Your instructions:
Type the listing below out again exactly. No images.

Supplied material:
• • • •
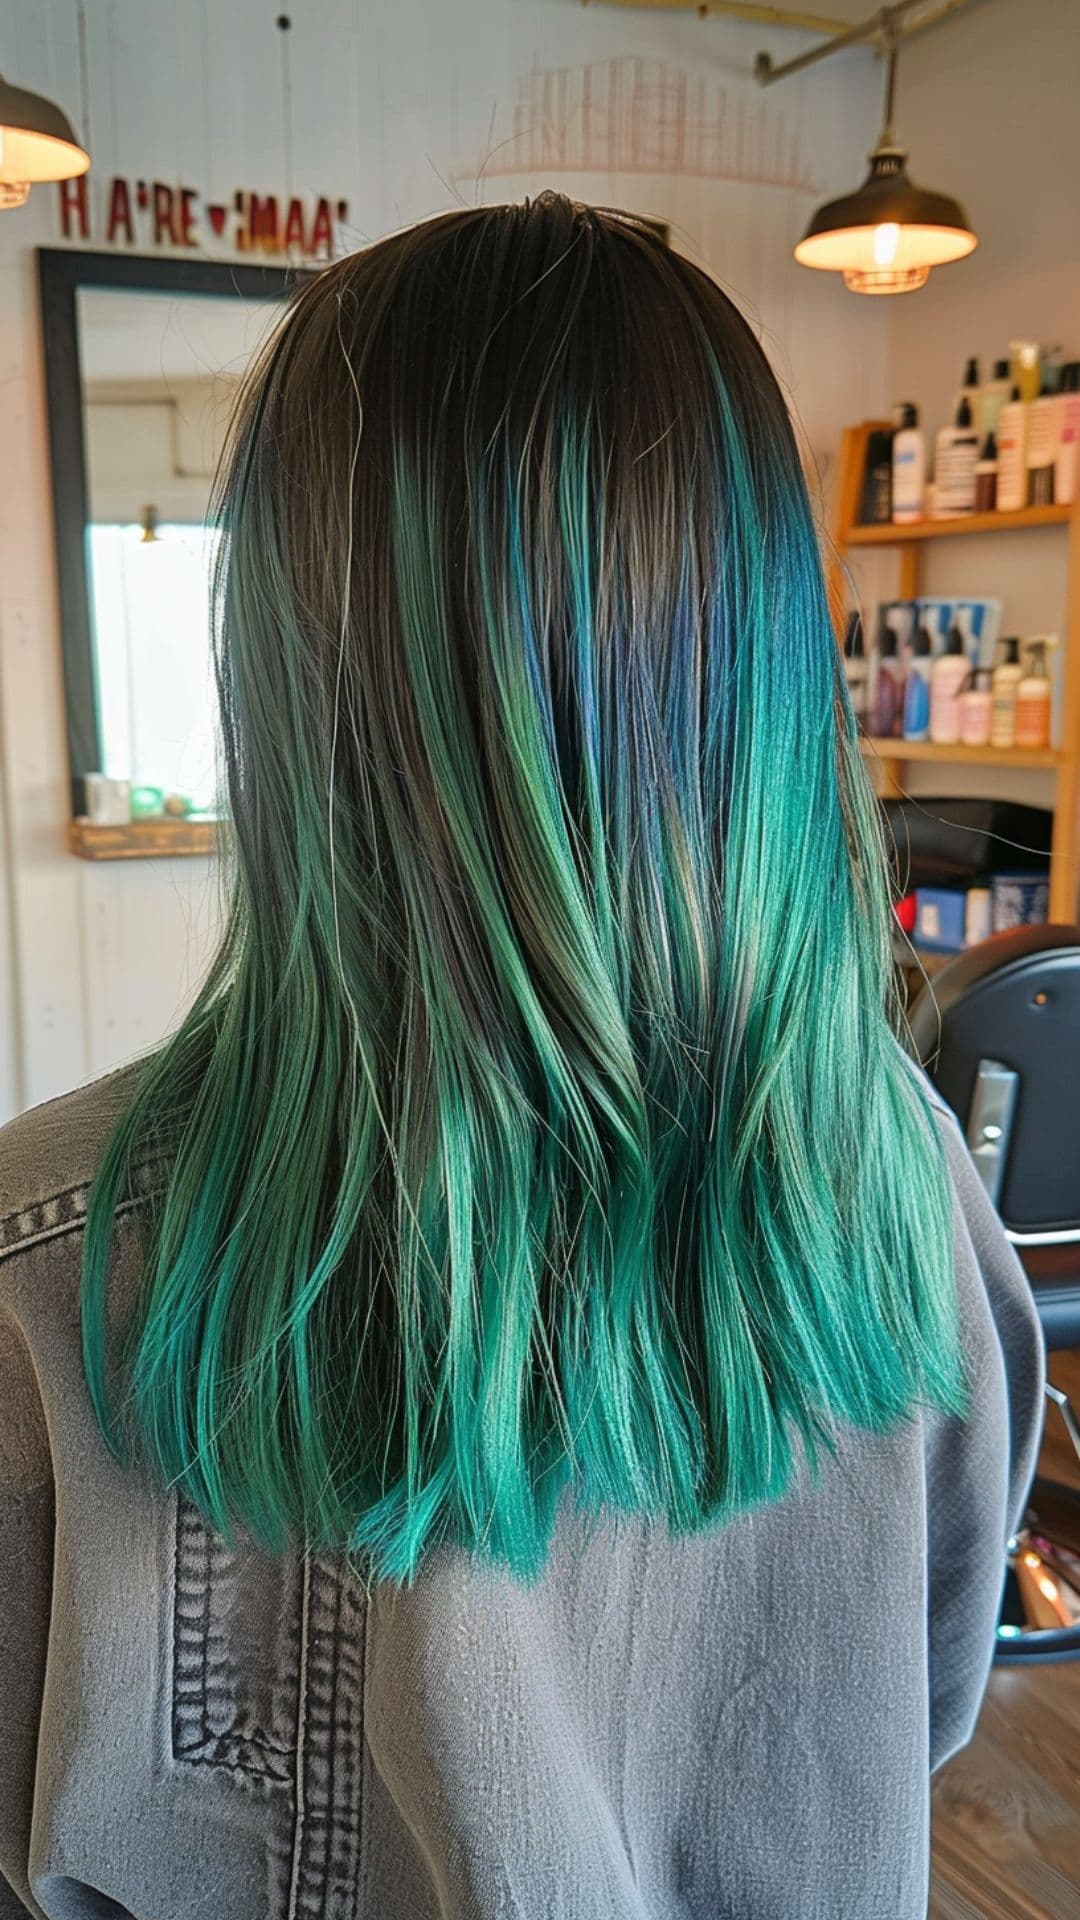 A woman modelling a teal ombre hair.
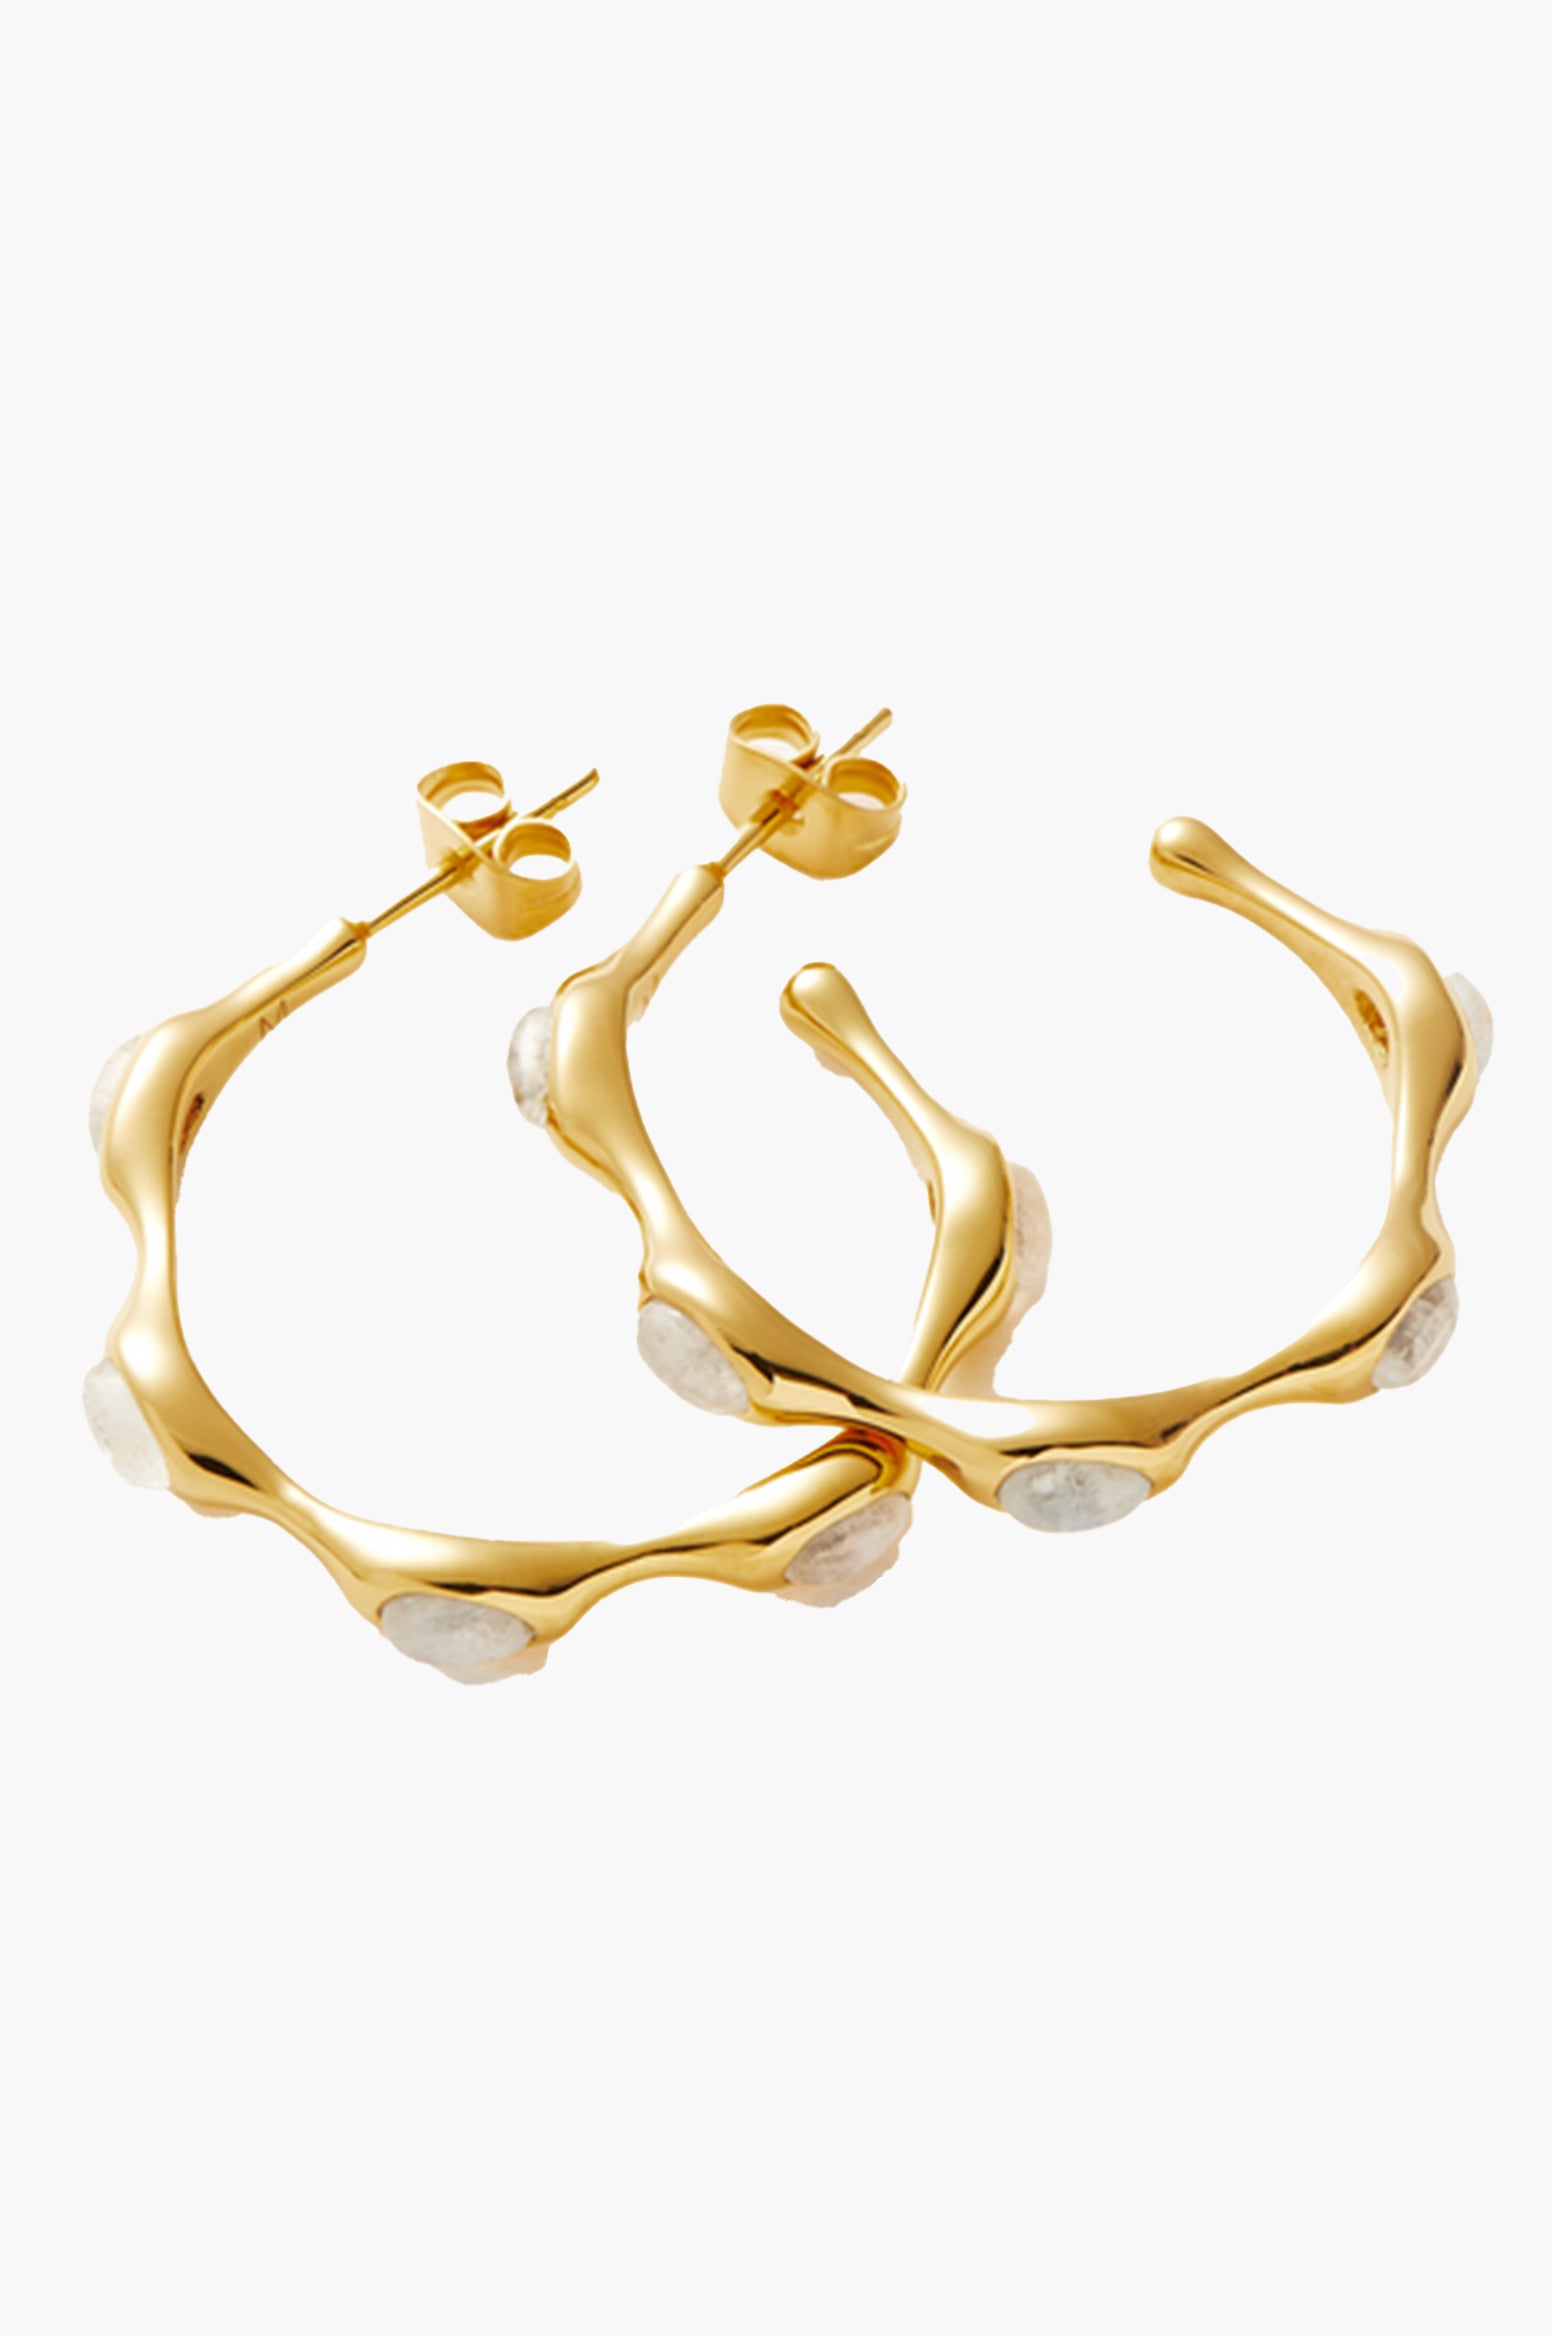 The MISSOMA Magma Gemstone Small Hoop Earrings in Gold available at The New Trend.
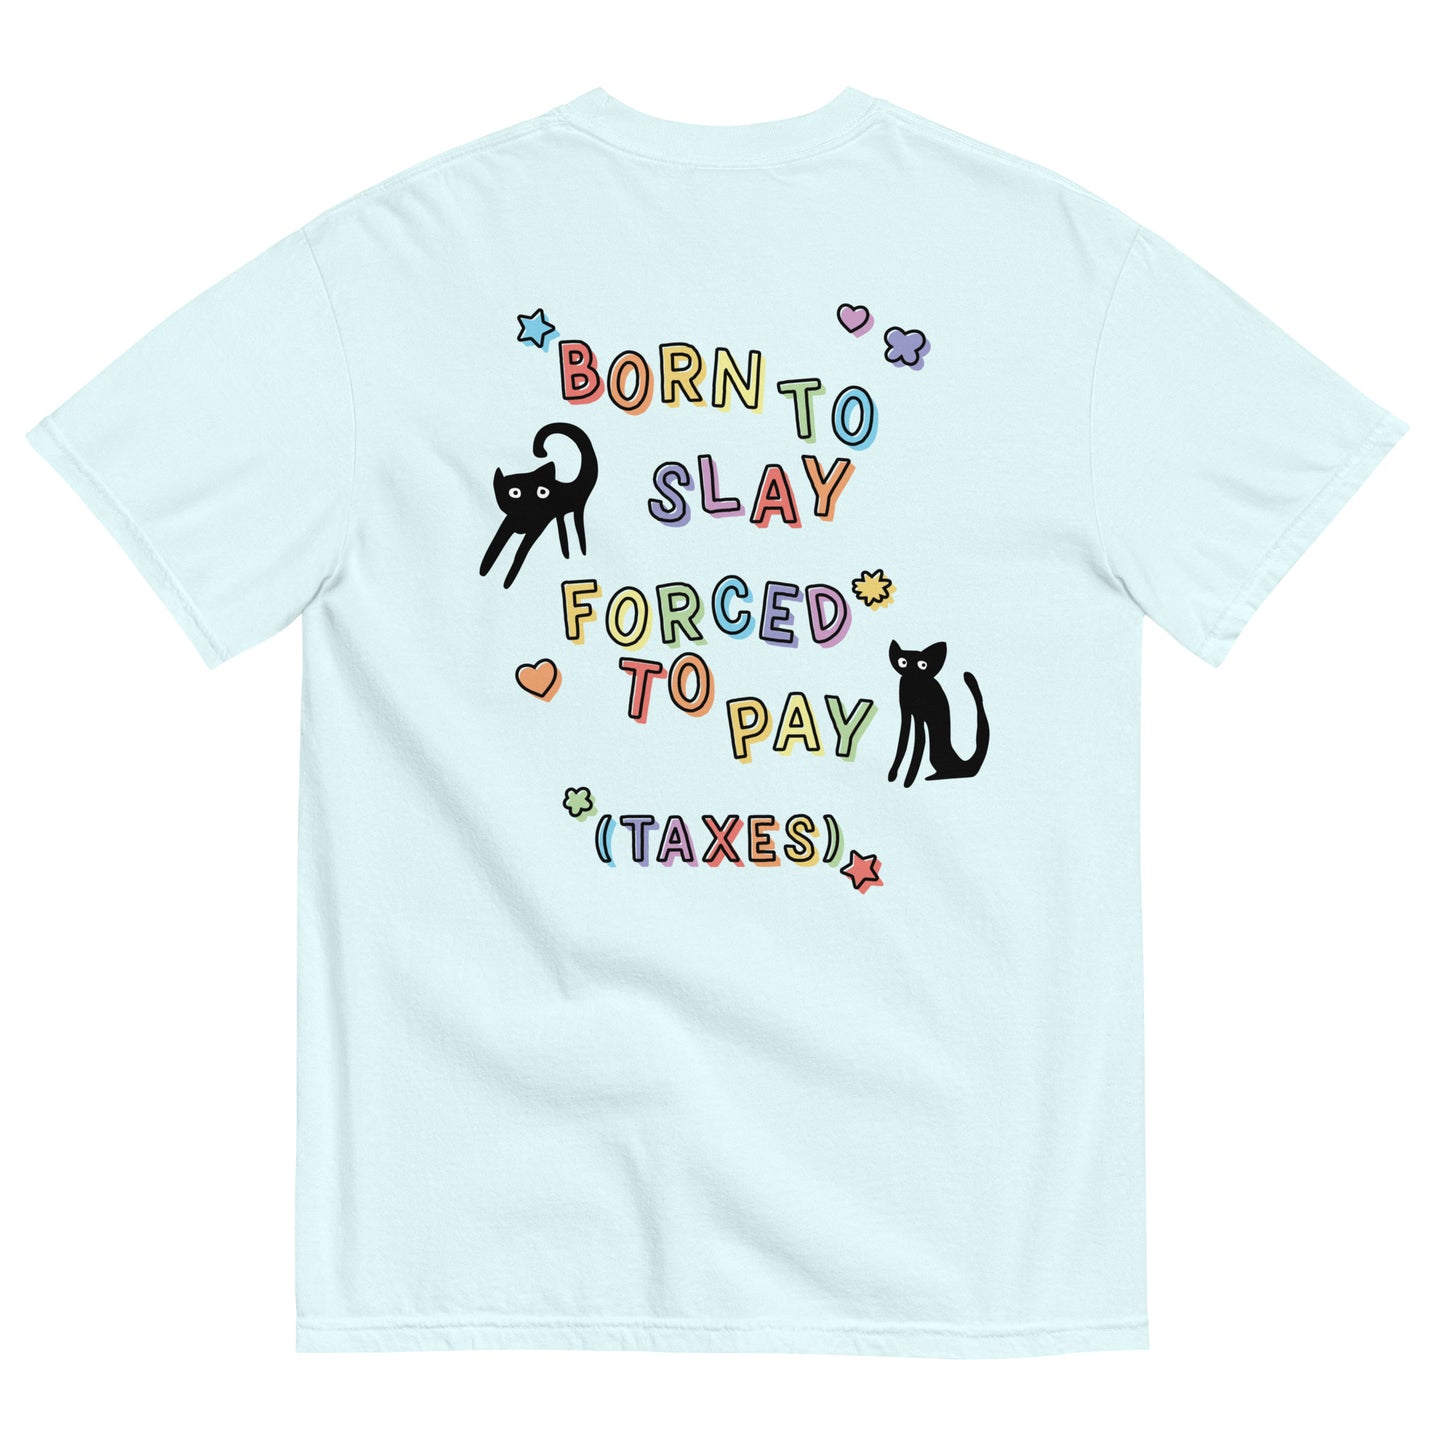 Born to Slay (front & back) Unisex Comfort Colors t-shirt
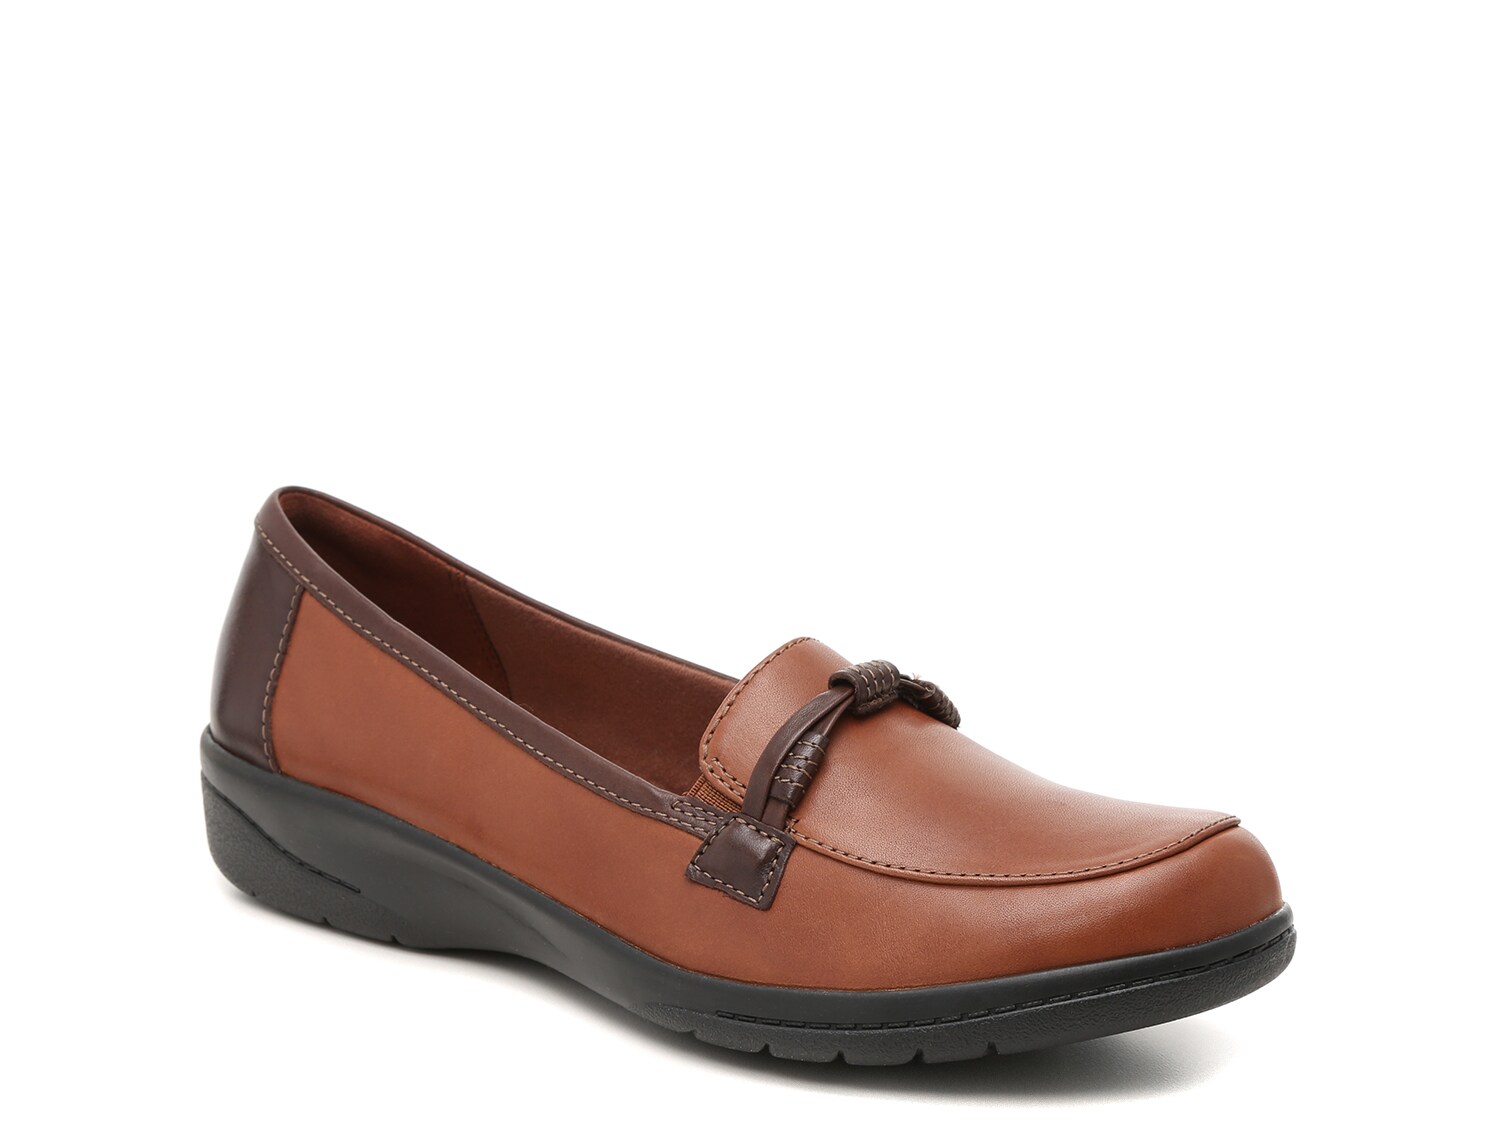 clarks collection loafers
• • • •
Response to the task:
 A woman modelling a teal ombre hair.
 The MISSOMA Magma Gemstone Small Hoop Earrings in Gold available at The New Trend.
 Born to Slay (front & back) Unisex Comfort Colors t-shirt
 clarks collection loafers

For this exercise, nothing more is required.